Upon study entry, 2 cats (1 LAE, 1 SEC-T) were being treated with aspirin (80 mg PO q48h), 1 cat in each group with clopidogrel (18.75 mg PO q12h), and 15 cats (6 LAE, 8 SEC-T, 1 ATE) with various combinations of ACE-inhibitors, diuretics, calcium channel blockers, and β-blockers.

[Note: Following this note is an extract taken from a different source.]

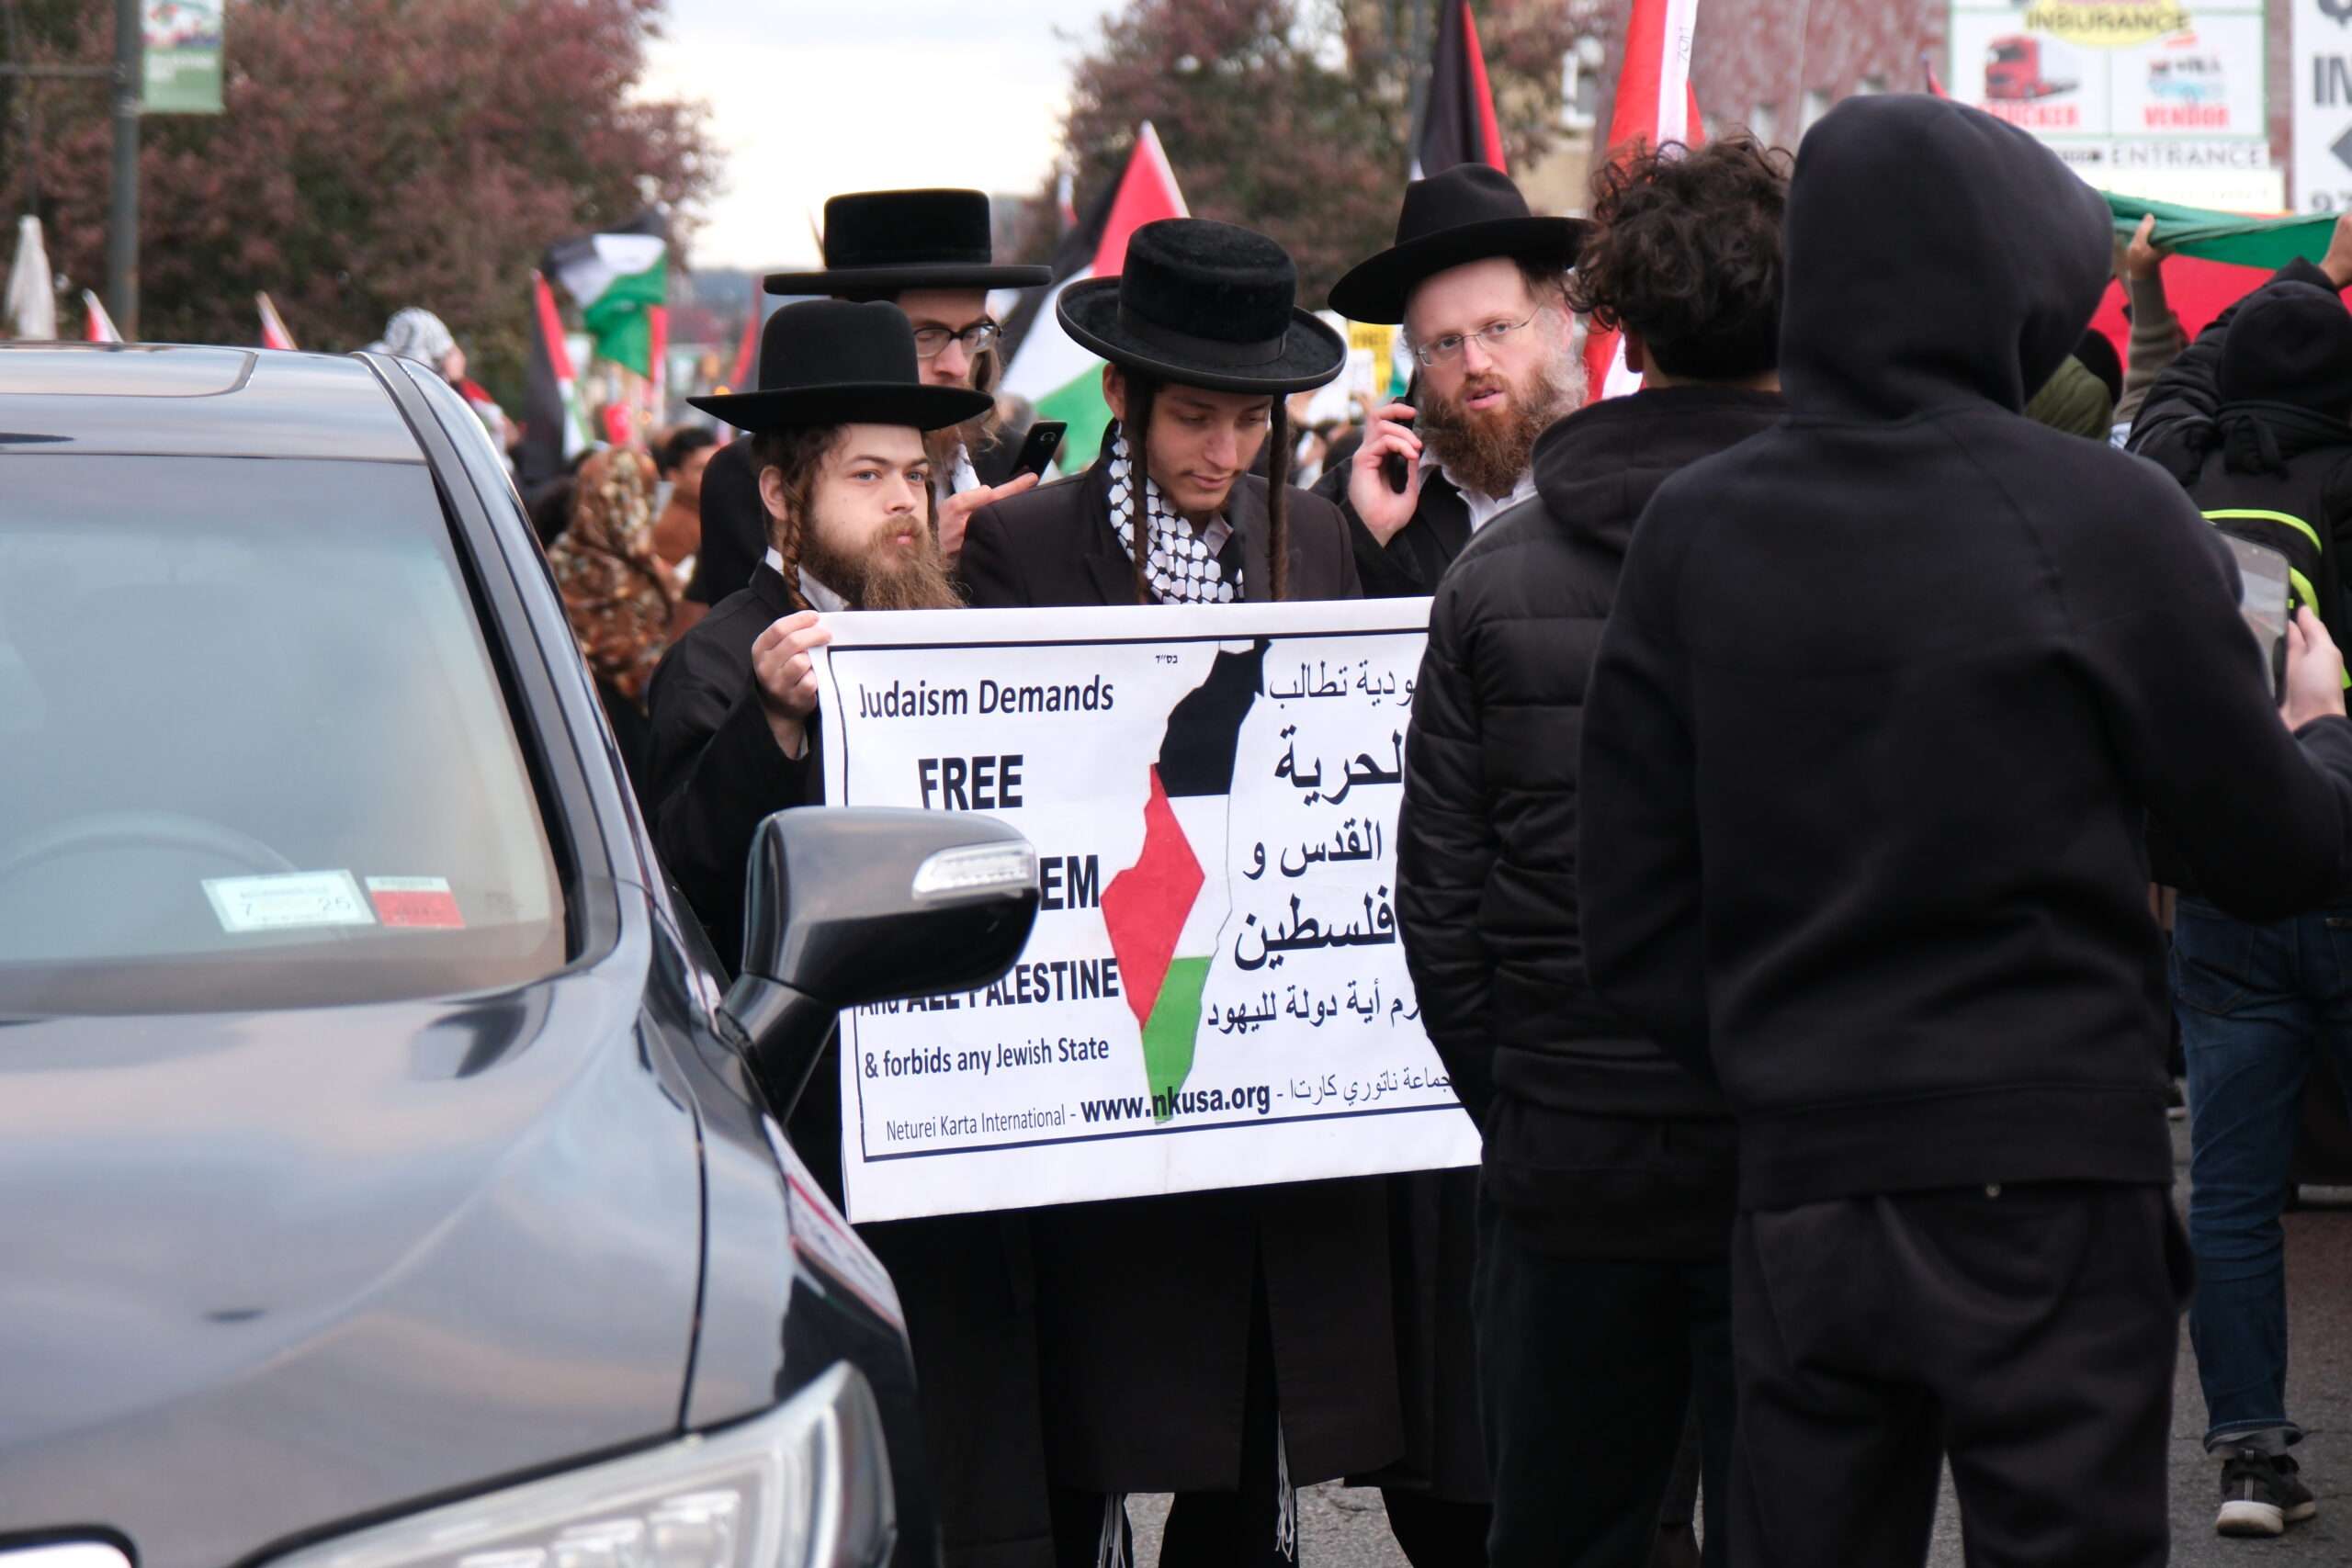 Members of the fundamentalist Jewish group known as Neturei Karta marched at the front of the protest. | Photo: Matthew Petti

Tests of Hypercoagulability: Fibrinogen, FVIII : C, AT, TAT, and d-Dimer

Median fibrinogen concentration was higher for the 3 groups of cardiomyopathic cats than the group of healthy cats, although all median values were within reference intervals (Fig 2). Hyperfibrinogenemia occurred in a significantly greater proportion of ATE (44%, 7/16) than healthy cats (3%, 1/30) (P= .003). ATE cats had significantly higher median FVIII : C than LAE cats (P= .007) (Fig 3). Median AT, TAT, and d-dimer concentrations did not differ among groups (P > .008) (Figs 4–6); however, more ATE and SEC-T cats (50%, 8/16) had high TAT concentrations compared with healthy cats (3%, 1/30) (P= .007).

image

Figure 2.  Dotplot of fibrinogen concentration in healthy cats and 3 groups of cardiomyopathic cats: LAE, left atrial enlargement; SEC-T, spontaneous echocardiographic contrast, atrial thrombi, or both; ATE, arterial thromboembolism. Bars, median values; dotted lines encompass the reference interval. *Median significantly different from healthy cats (P < .008).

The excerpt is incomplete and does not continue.